# Rocky Mountain High



## InvaderZim (Sep 7, 2007)

About this time of year I long for the things I cannot have. With the mountain passes still choked with snow I'm reminded of good times spent in the woods and forests, high above all other things.

Hunting season starts with forest grouse. And the county&#8230;breathtaking. Deep blue skies dotted with wispy clouds. Primeval pine choked forests. Gurgling brooks.









And a quarry of subtle beauty.









Higher still I climb. And even higher yet, till I can go no more; White-tailed Ptarmigan is my target. 









Alpine tundra is his domain.









Soon the passes become a hunter's nightmare.









So down I go, to the reign of the Chukar Partridge. Frosty it may be.

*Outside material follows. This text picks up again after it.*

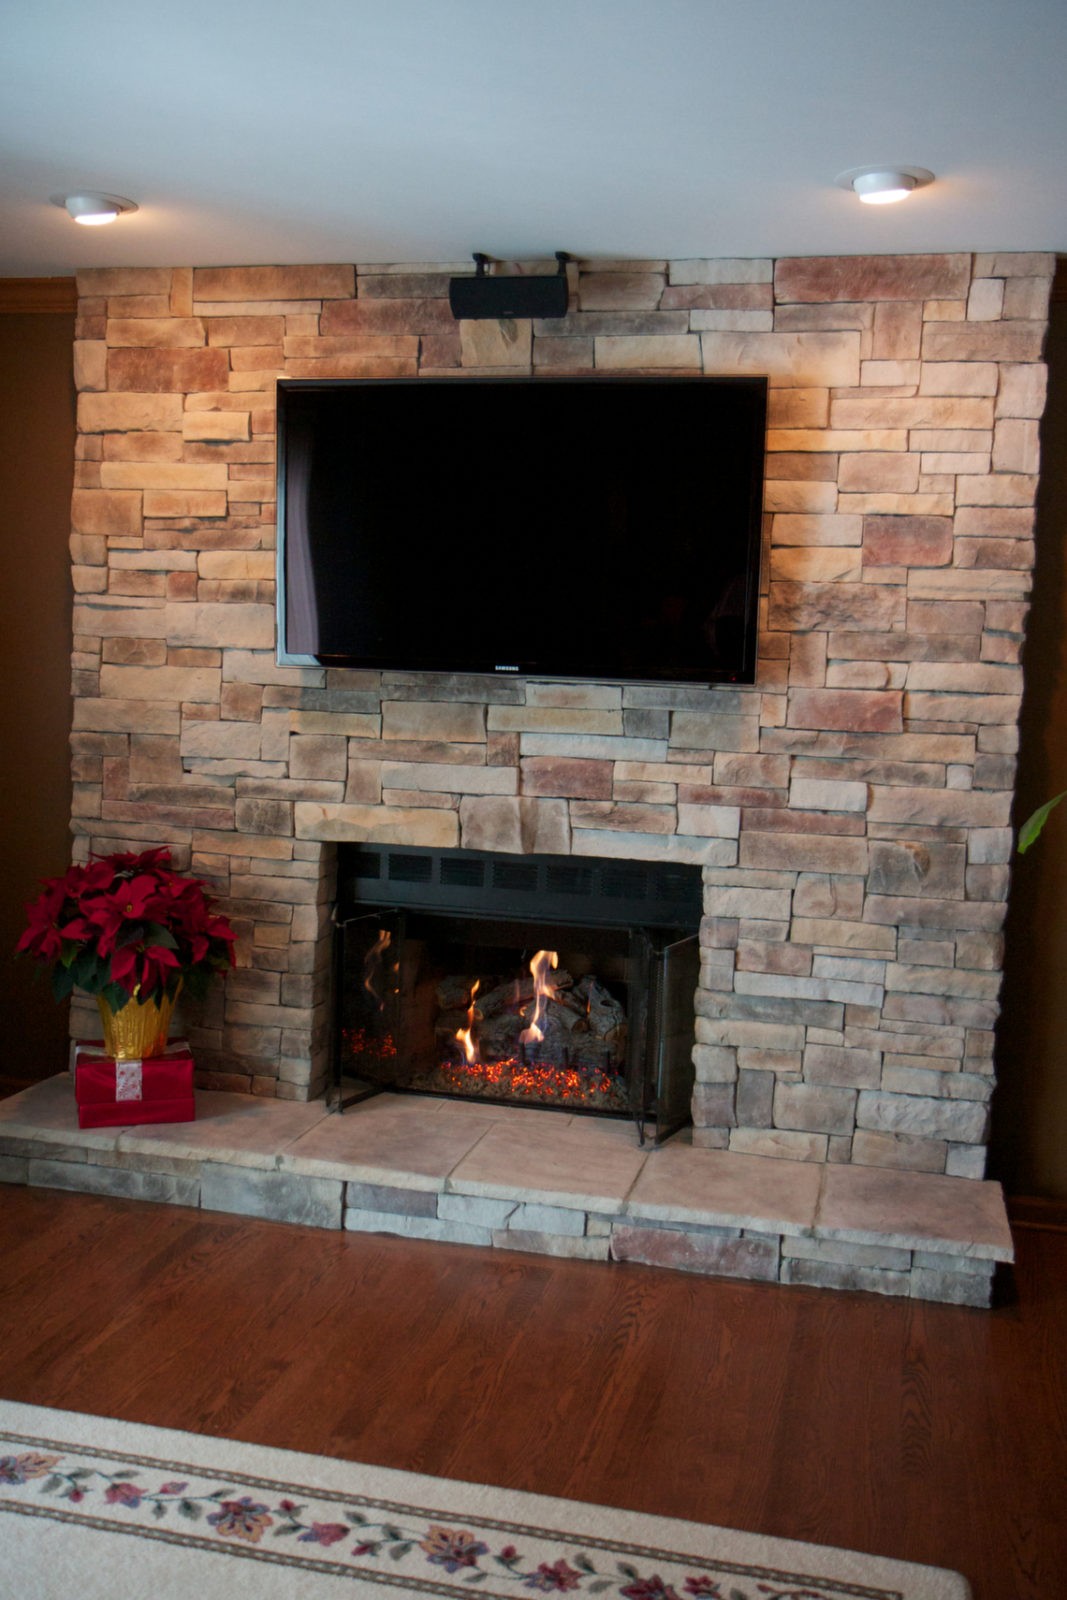 Mountain stack stone veneer fireplace with poinsettias

After searching my soul I found him.









And in good company.









The west is a good place to live.

Caleb


----------



## deadicated1 (Mar 17, 2008)

wow!! those pics are beautiful, and i enjoyed the writing too. thanks for those. ya just cant beat the beauty of good grouse country


----------



## Al Hansen (Sep 7, 2007)

Nicely done


----------



## spiraleyes (Nov 25, 2007)

Great pictures! I really want to get my dog going on grouse and chukars.


----------



## Riverrat77 (Sep 7, 2007)

Good stuff Caleb... I sure hope to get a peek at some ptarmigan country sooner or later. It sounds breathtaking.....


----------



## stillhuntin (Feb 14, 2008)

"subtle beauty"-that double is not so subtle-but truly beautiful.
The chukar on gray rock needs a frame!
Very nicely done!!
I can _feel _9K+ elev
Thank you


----------



## wyogoob (Sep 7, 2007)

Good stuff.


----------



## fixed blade XC-3 (Sep 11, 2007)

Those are some truly great pictures.

One a side note. Did it make you nervous getting that close, to the red headed hippie with a shoot gun, in the 5th picture?


----------